Point A is located at (-3, -5). If point B is 11 units away and is located in quadrant 2, what are the coordinates for point B?
Point B could be any point on the circle given by
(x+3)^2 + (y+5)^2 = 121
if you want a point with integer values it would be (-3,6)
all other points in quad II would have irrational coordinates
e.g. (-2, 2√30 - 5) could be B
To find the coordinates of point B, we need to consider two things: the distance from point A to B and the location of point B in quadrant 2.
Since point A is located at (-3, -5), we know that it is in quadrant 3, as the x-coordinate (-3) is negative and the y-coordinate (-5) is also negative.

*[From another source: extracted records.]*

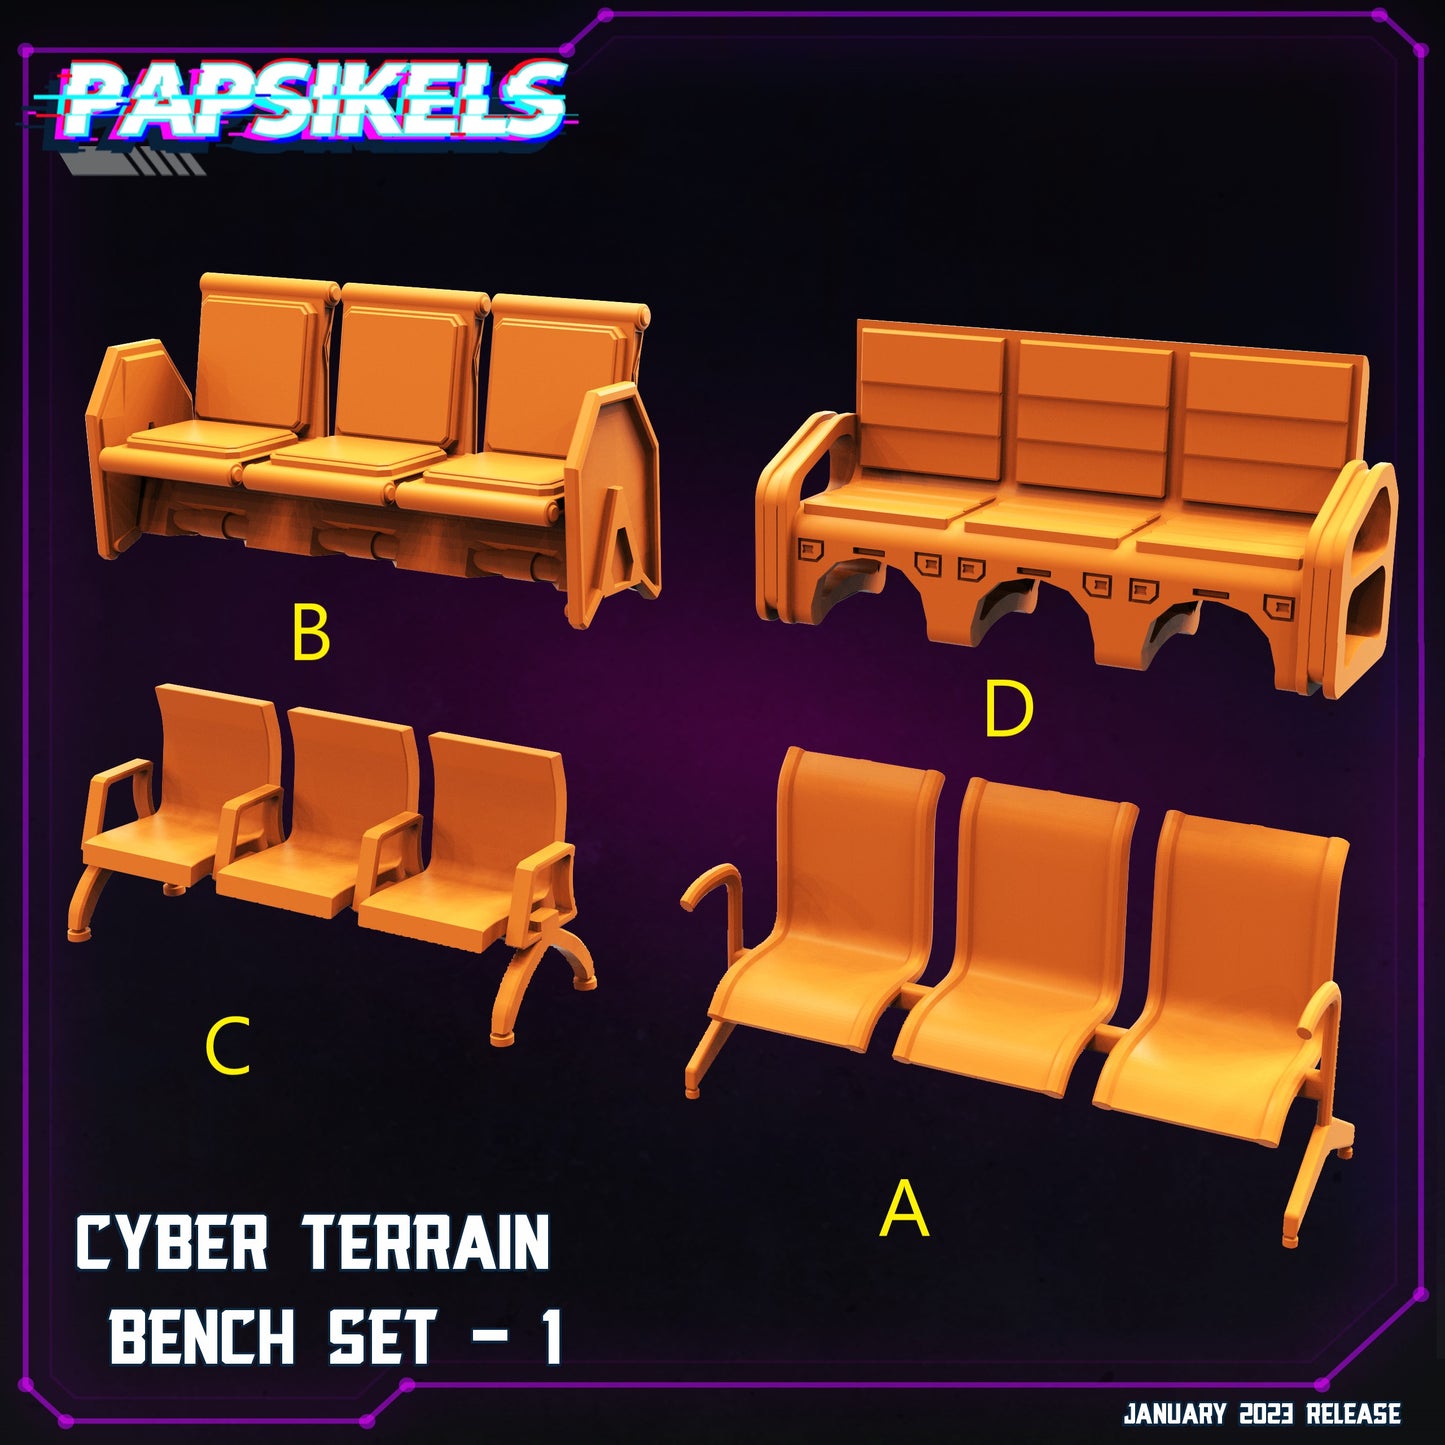 Cyber Terrain Bench Set 1
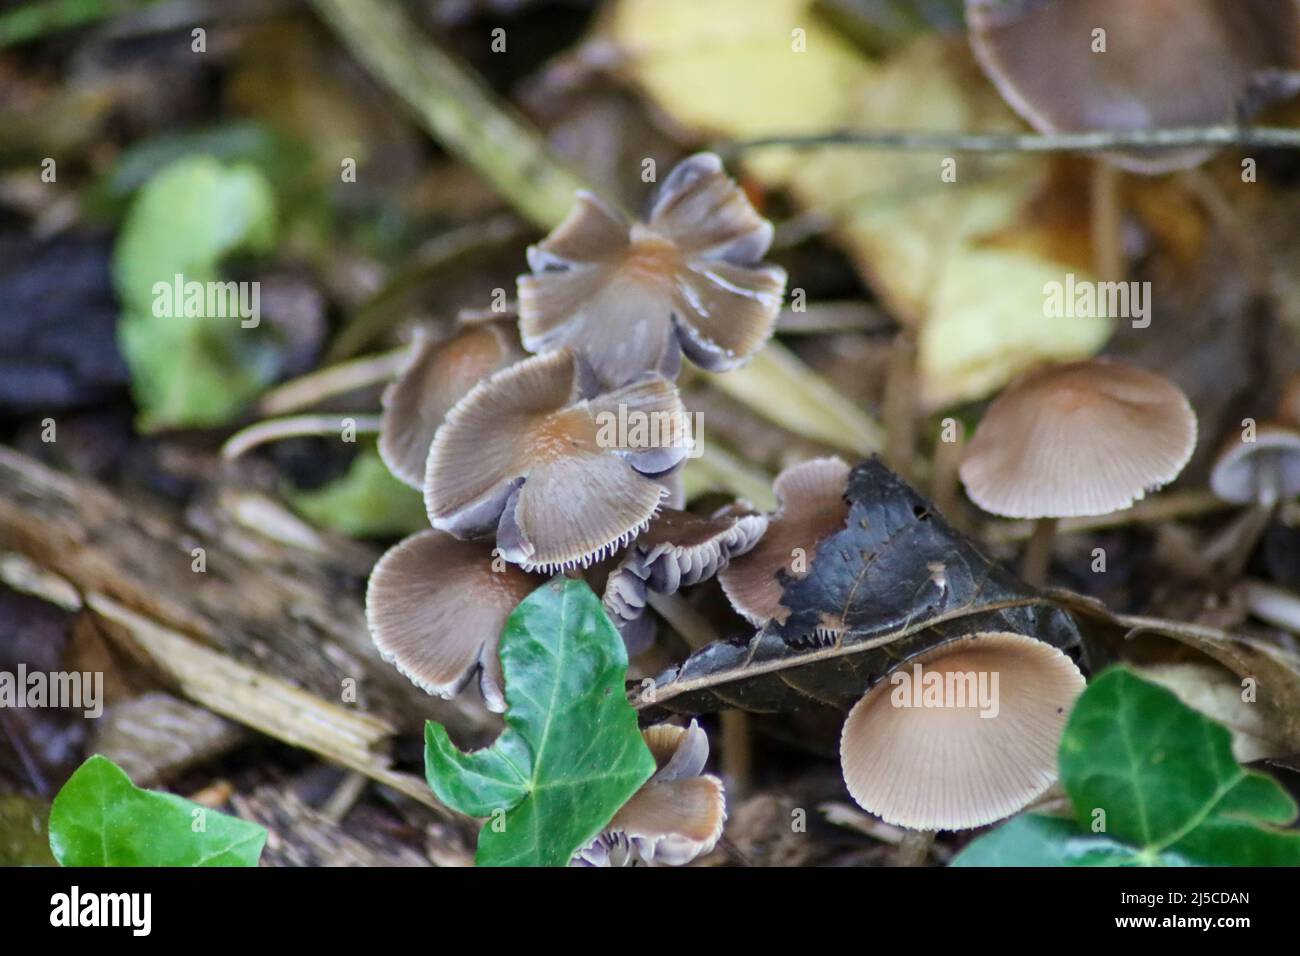 Psathyrella conopilus mushroom during autumn in the botanical garden of Capelle aan den IJssel Stock Photo
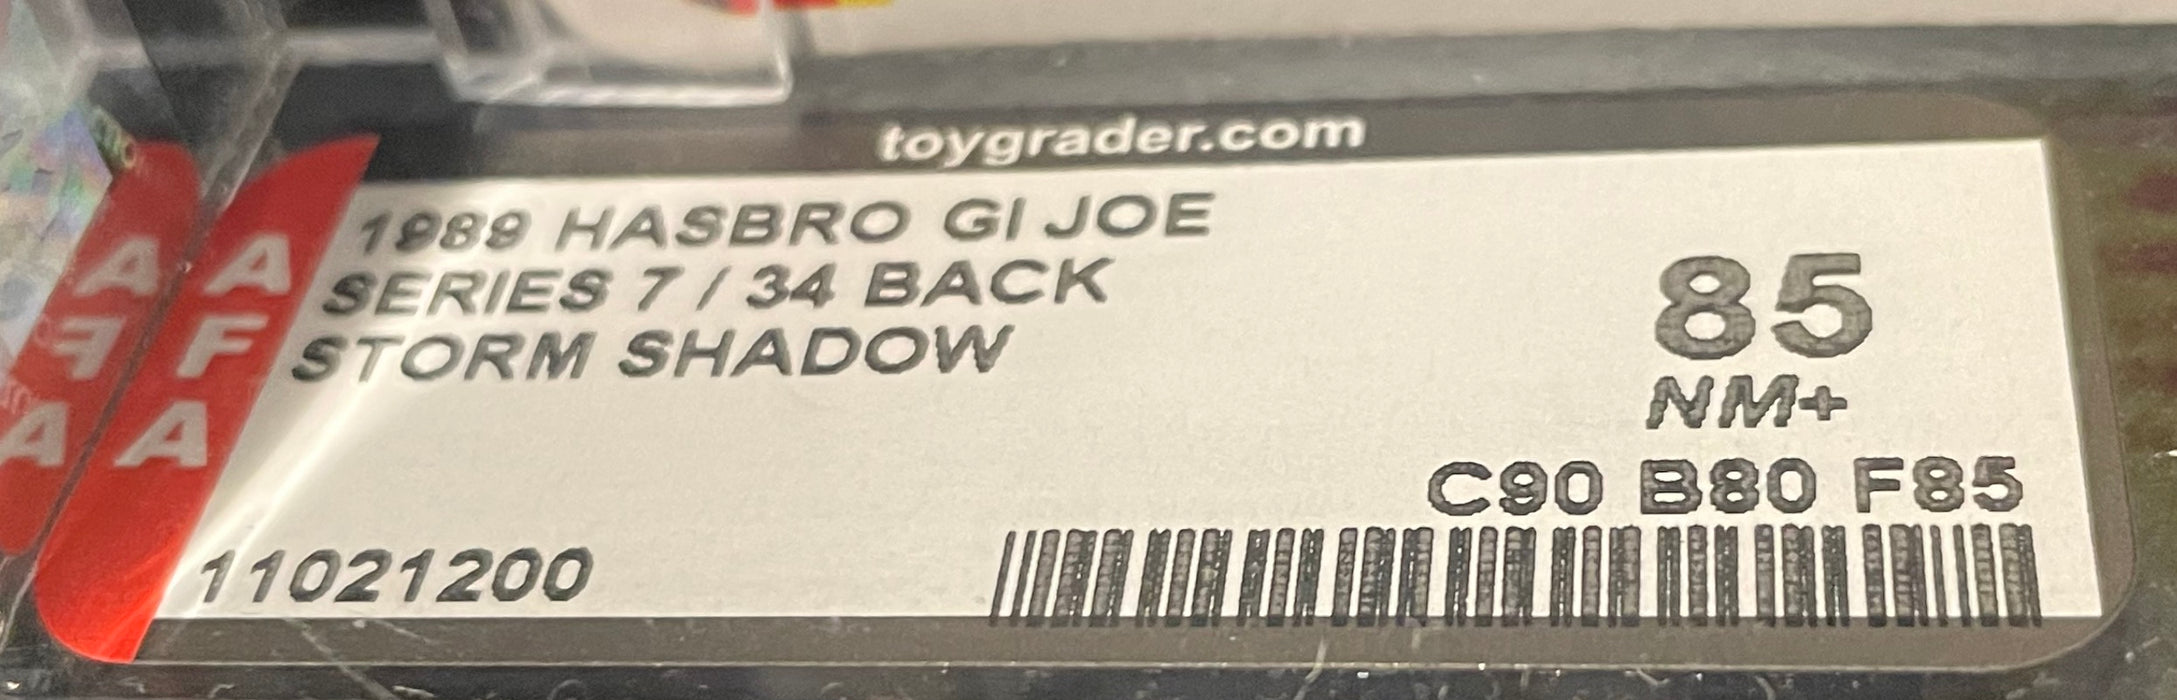 Hasbro G.I. Joe Storm Shadow Series 7 / 34 Back AFA 85

Now, let's focus on the distance from point A to B. You mentioned that point B is 11 units away. This means the distance between point A and B is 11 units.
In quadrant 2, the x-coordinate is positive while the y-coordinate is negative. So, to find the coordinates of point B, we need to move 11 units in a positive x-direction and 11 units in a negative y-direction from point A.
Starting from point A (-3, -5), we move 11 units to the right (positive x) to reach the point (8, -5). Now, we move 11 units downwards (negative y) from this point to get to the final point.
Adding the y-coordinate for the downward movement, we get -5 - 11 = -16.
Therefore, the coordinates of point B in quadrant 2 will be (8, -16).
To find the coordinates for point B, you can consider the distance formula.
The distance formula is given by:
d = √( (x2 - x1)^2 + (y2 - y1)^2 )
Let's assume the coordinates of point B as (x, y).
Given that point B is located in quadrant 2, the x-coordinate will be negative and the y-coordinate will be positive.
Given that point B is 11 units away from point A, we can set up the following equation:
11 = √( (x - (-3))^2 + (y - (-5))^2 )
Simplifying the equation, we have:
11 = √( (x + 3)^2 + (y + 5)^2 )
Now, we can square both sides of the equation to eliminate the square root:
11^2 = (x + 3)^2 + (y + 5)^2
Simplifying further:
121 = x^2 + 6x + 9 + y^2 + 10y + 25
Combining like terms:
x^2 + y^2 + 6x + 10y + 155 = 0
Since point B is located in quadrant 2, the x-coordinate will be negative, and the y-coordinate will be positive. This means that the only possible value for x is -4.
Substituting x = -4 into the equation, we have:
(-4)^2 + y^2 + 6(-4) + 10y + 155 = 0
16 + y^2 - 24 + 10y + 155 = 0
y^2 + 10y + 147 = 0
To solve this quadratic equation, we can use the quadratic formula or factorization.
Using the quadratic formula:
y = (-b ± √(b^2 - 4ac)) / (2a)
For the equation y^2 + 10y + 147 = 0, the coefficients are:
a = 1, b = 10, c = 147
Substituting these values into the quadratic formula:
y = (-10 ± √(10^2 - 4(1)(147))) / (2(1))
y = (-10 ± √(100 - 588)) / 2
y = (-10 ± √(-488)) / 2
Since the value under the square root is negative, there are no real solutions for y. Therefore, there are no coordinates for point B that satisfy the given conditions.